Spreadsheet bibliography

Title Measuring spreadsheet formula understandability
Authors Felienne Hermans, Martin Pinzger, & Arie van Deursen
Year 2012
Type Proceedings
Publication EuSpRIG
Series  
Abstract

Spreadsheets are widely used in industry, because they are flexible and easy to use. Sometimes they are even used for business-critical applications. It is however difficult for spreadsheet users to correctly assess the quality of spreadsheets, especially with respect to their understandability. Understandability of spreadsheets is important, since spreadsheets often have a long lifespan, during which they are used by several users.

In this paper, we establish a set of spreadsheet understandability metrics. We start by studying related work and interviewing 40 spreadsheet professionals to obtain a set of characteristics that might contribute to understandability problems in spreadsheets. Based on those characteristics we subsequently determine a number of understandability metrics.

To evaluate the usefulness of our metrics, we conducted a series of experiments in which professional spreadsheet users performed a number of small maintenance tasks on a set of spreadsheets from the EUSES spreadsheet corpus. We subsequently calculate the correlation between the metrics and the performance of subjects on these tasks.

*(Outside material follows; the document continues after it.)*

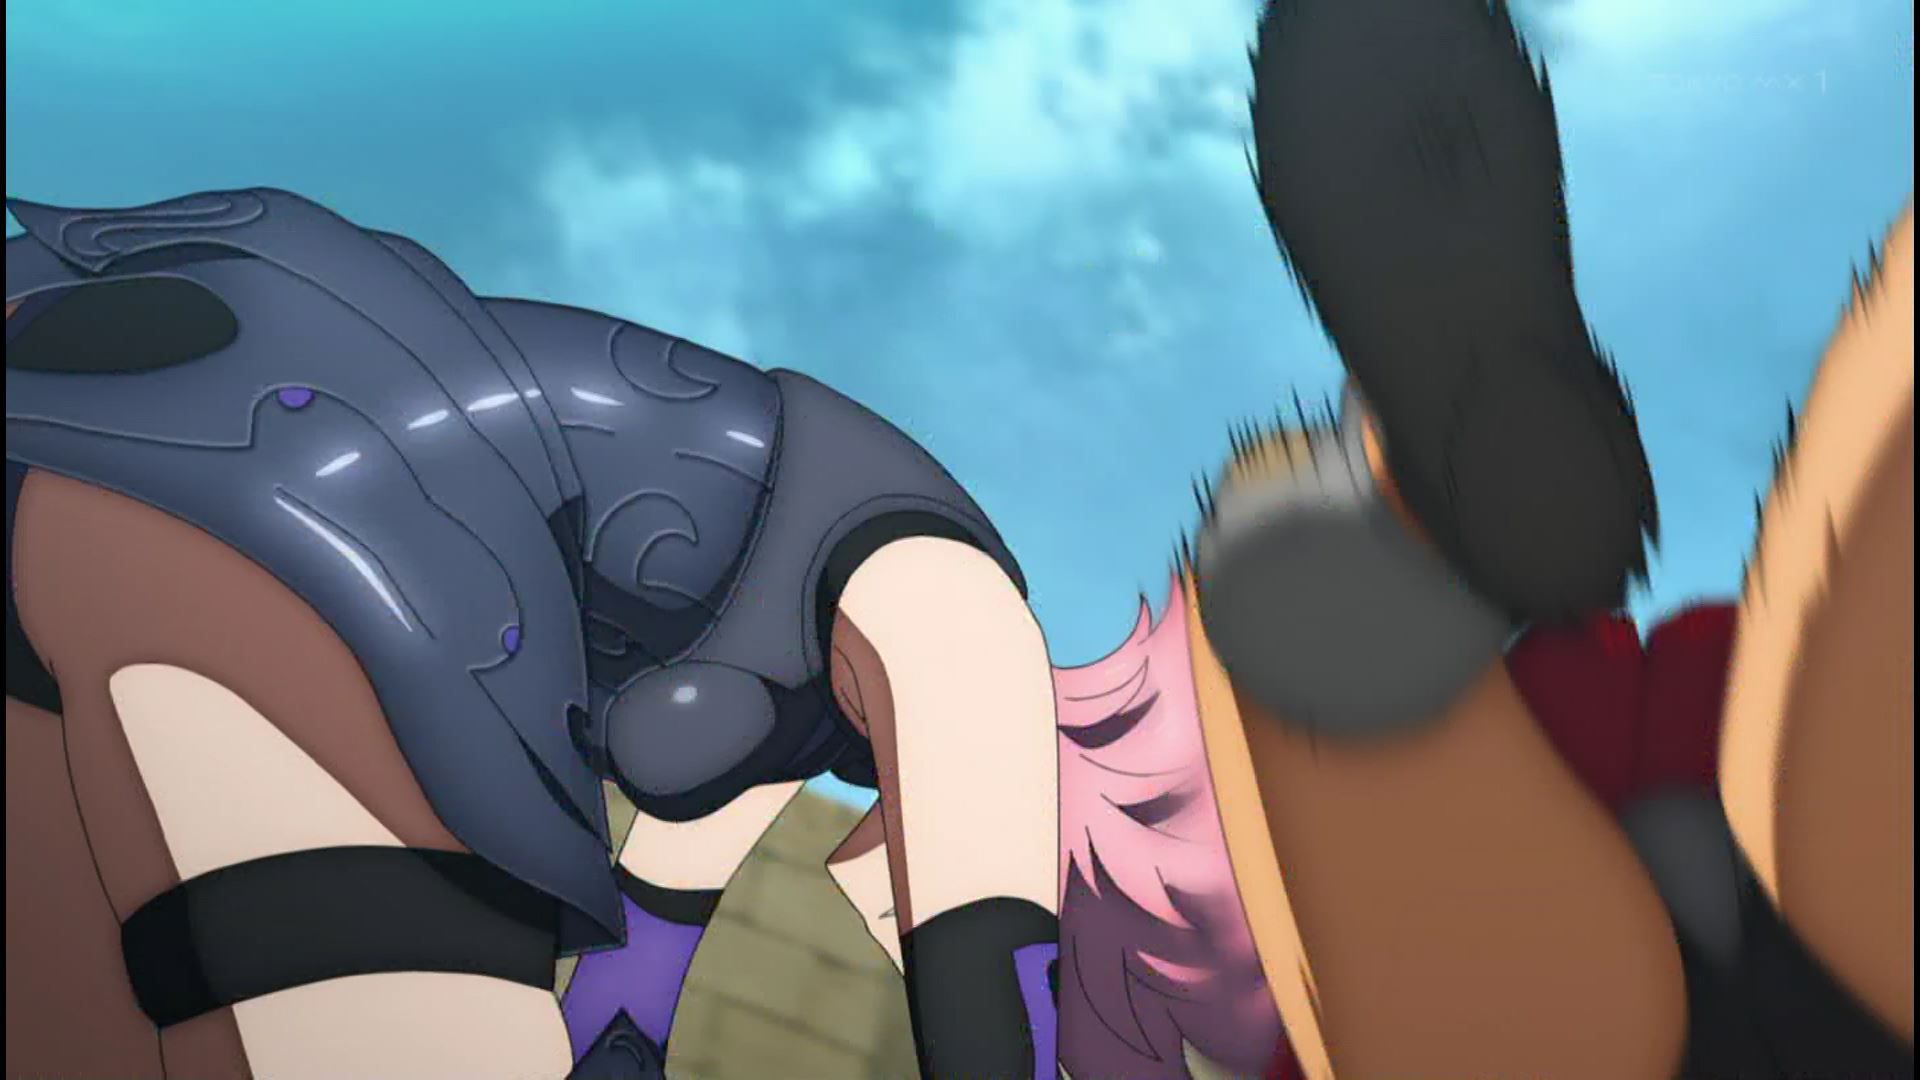 Anime [Fate / Grand Order Babylonia] 3 episodes mash erotic and ushiwakamaru tits! 18

The results clearly indicate that the number of ranges, the nesting depth and the presence of conditional operations in formulas significantly increase the difficulty of understanding a spreadsheet.

Full version Available
Sample
Formula understandability metrics

We compiled a set of metrics for assessing the understandability of a formula.

Formula complexity:

  • The number of direct references.
  • The number of ranges in which the references are grouped.
  • The presence of conditional operations in a formula.
  • Nestedness of formulas.
  • Length of calculation chain.

Formula placement:

  • Percentage of reverse references.
  • Percentage of references in the same row.
  • Percentage of references in the same column.
  • Percentage of distant references.